Он оглядел детскую, озадаченно хмурясь, будто его огорчило, что здесь нет еще одного стула. Сюзан сказала:

— Принеси табурет из ванной. И надень халат, ты простудишься.

Клиффорд поставил табурет у стены и скорчился там, сердитый и несчастный. Сюзан подняла голову — она сидели, прижавшись щекой к теплой, пушистой головке дочери. Маленькое курносое существо, пиявкой присосавшееся к ее груди, сжимало и разжимало пальчики в эйфории наслаждения. Сюзан убеждала себя, что должна сохранять спокойствие, ведь нельзя допустить, чтобы ее нервы и мышцы сейчас снова напряглись от привычной боли и беспокойства. Все говорят, это очень плохо для молока. Что-нибудь не и порядке, дорогой? — спокойно спросила она.

Но она знала, что именно не в порядке. Знала, что он ответит. И почувствовала до сих пор незнакомую и пугающую неприязнь к нему: ведь он не дает ей спокойно покормить Дебби! И пижаму не может застегнуть. Сидит там сгорбившись, полуголый… Распустился. «Что это со мной делается», — подумала она. Она никогда раньше так к нему не относилась. До рождения Дебби.
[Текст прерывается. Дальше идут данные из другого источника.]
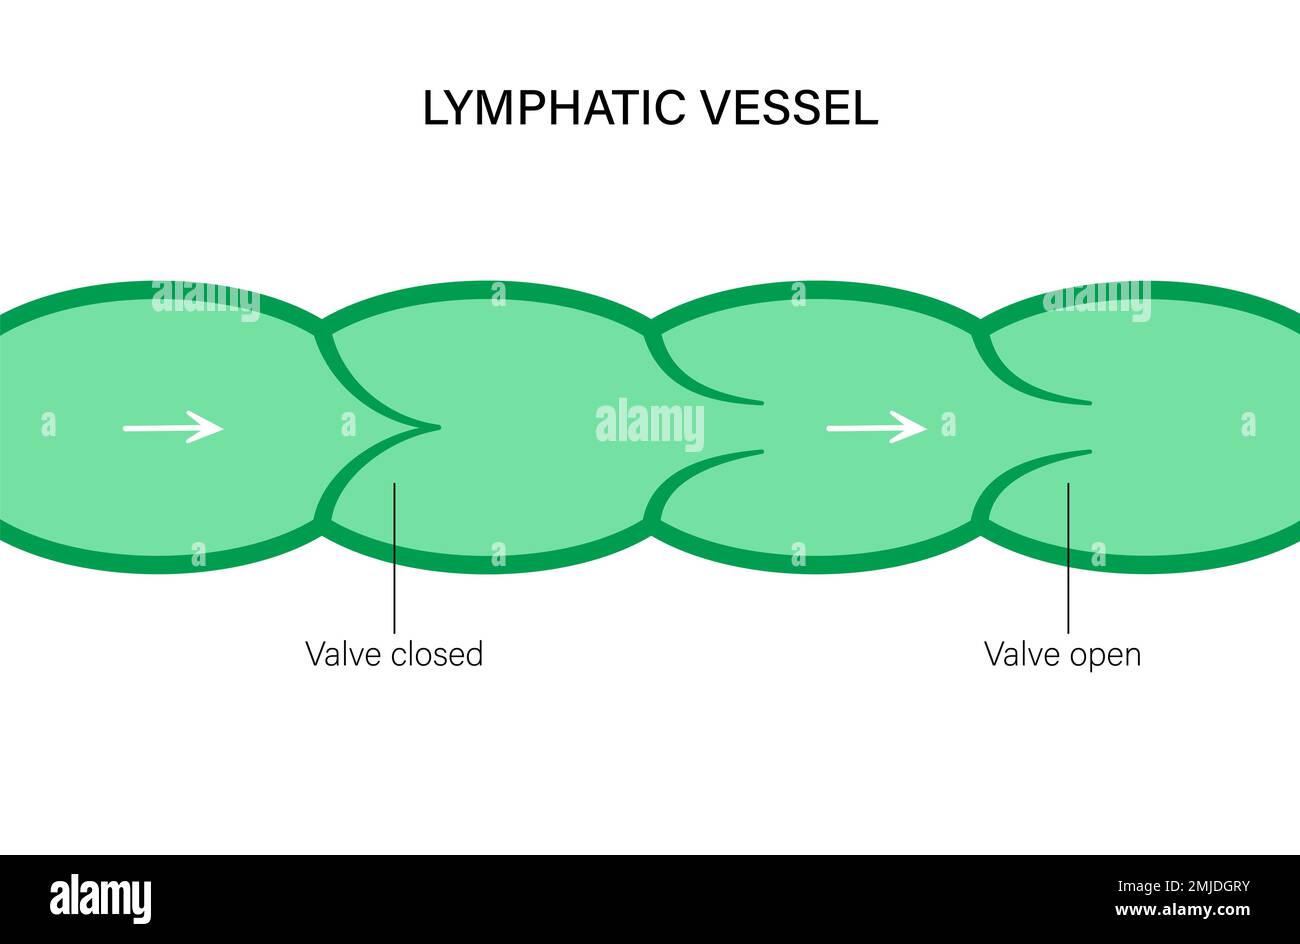 Lymphatic vessel, conceptual illustration Stock Photo
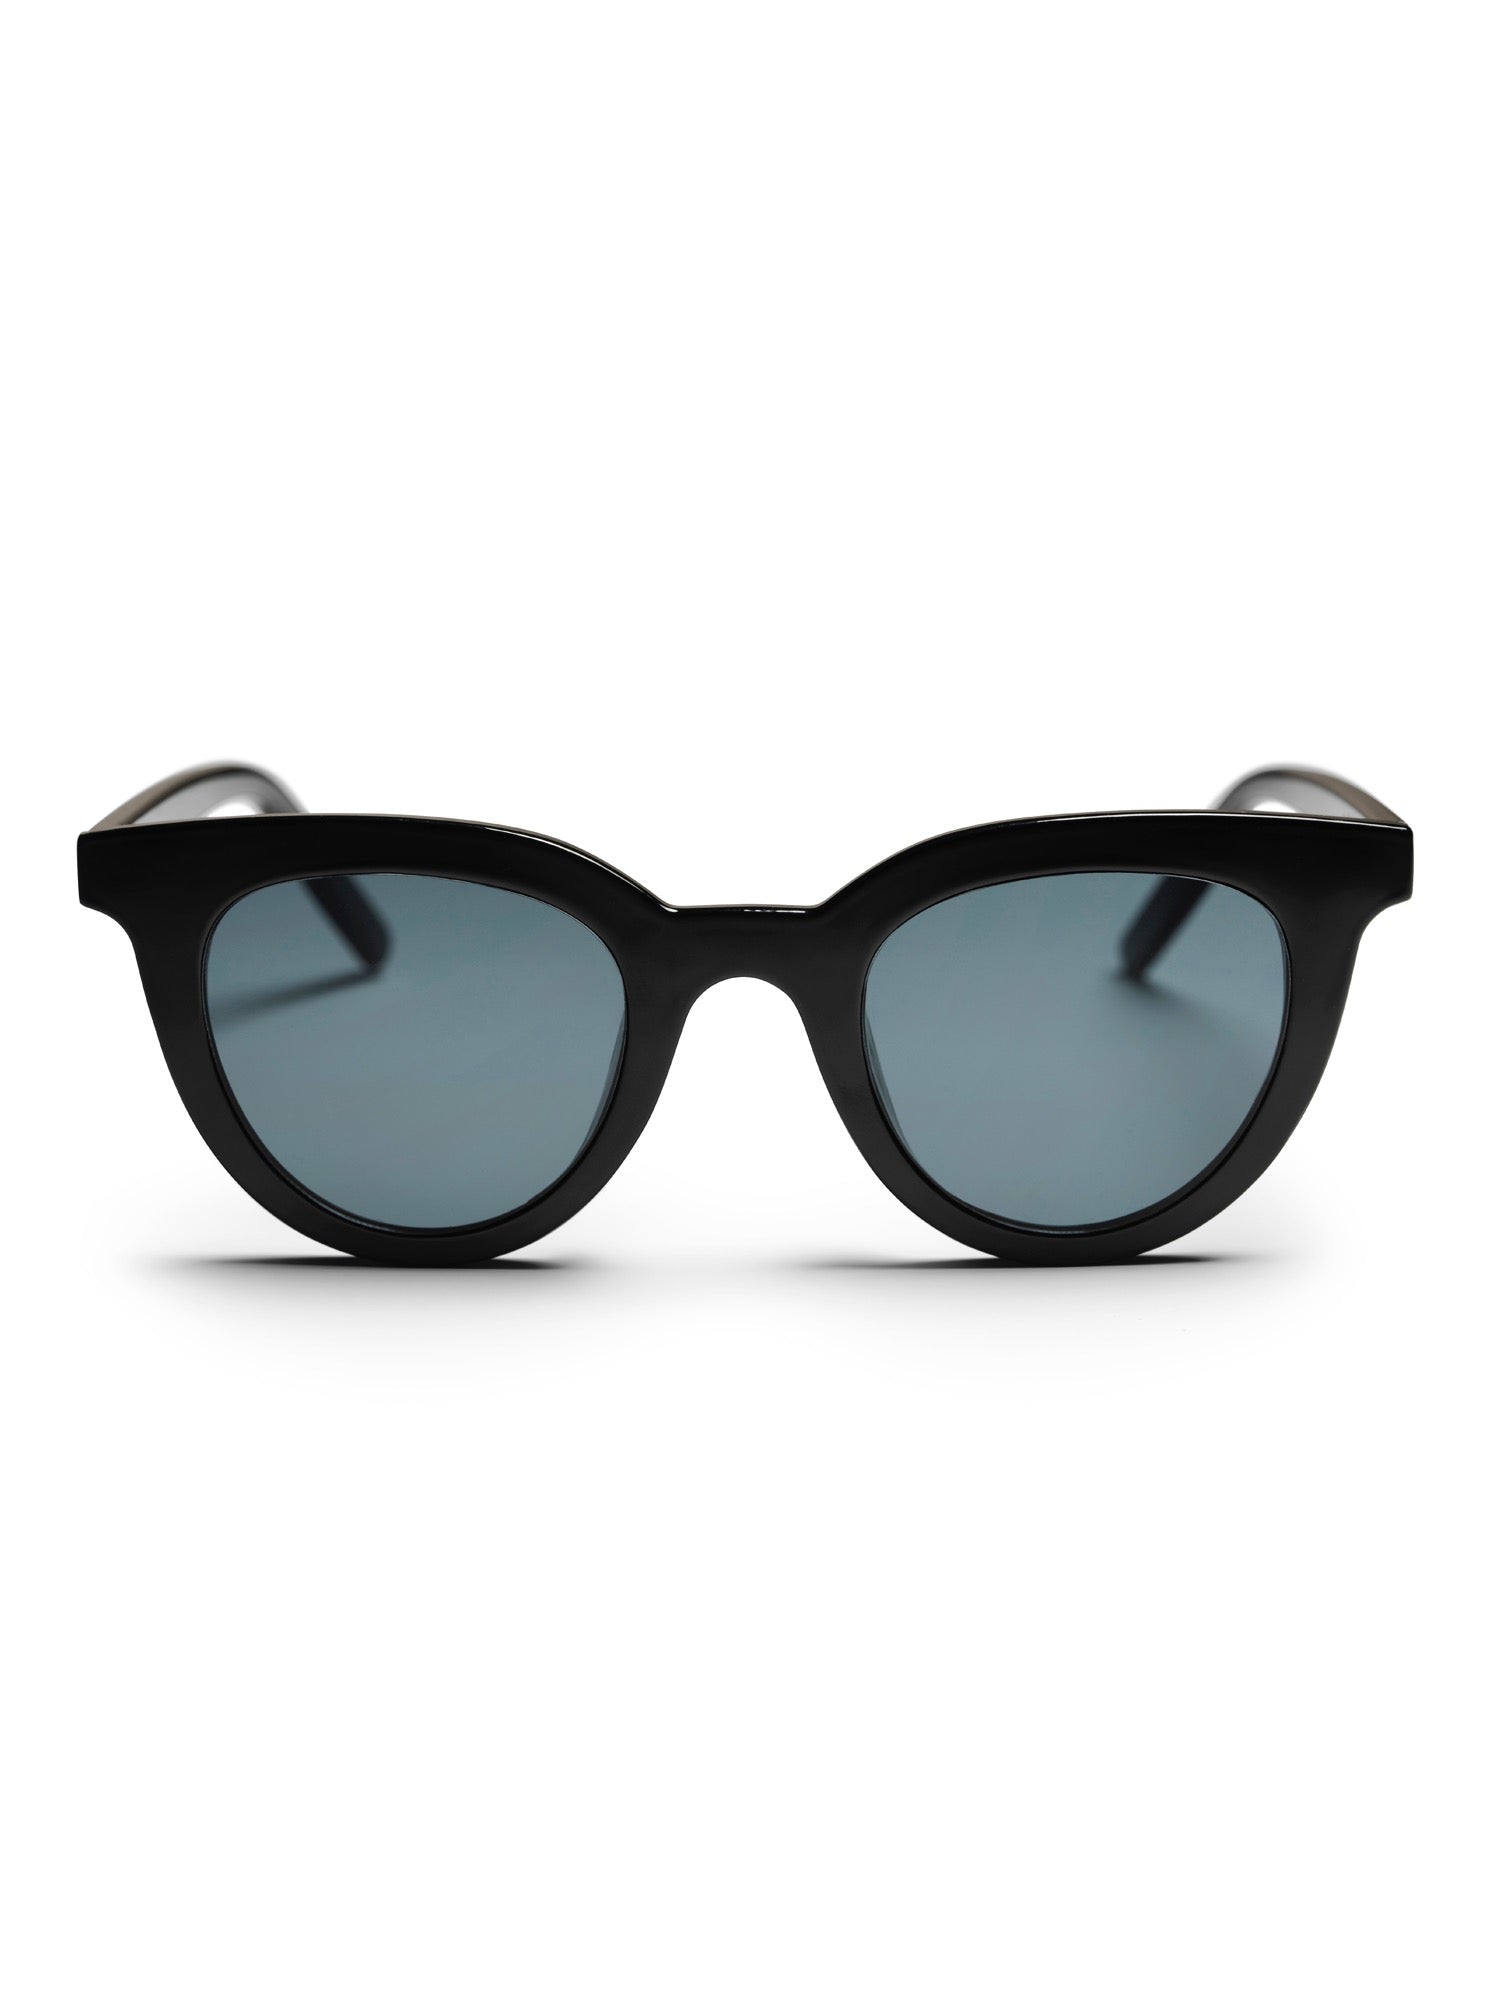 CHPO Långholmen Sunglasses - Recycled Plastic Black / Black Sunglasses

— Я больше не могу. Не могу сегодня пойти в Лабораторию.

— Ты болен?

Но она знала — он не болен. Пока еще не болен. Только это обязательно случится, если все оставить, как есть, с Эдвином Лорримером. Ее охватил давний страх — предчувствие надвигающейся беды. В книгах пишут о черном бремени беспокойства, и это правда, именно так она и ощущала это бремя — постоянную физическую тяжесть, словно давящую на плечи ноту, гнетущую сердце, лишающую радости, и даже — подумала она горько — губящую счастье, которое дает им Дебби. Может быть, со временем это бремя погубит и их любовь. Сюзан молча прижала к себе другую, теплую и маленькую, ношу, устроила девочку поудобнее у себя на руках.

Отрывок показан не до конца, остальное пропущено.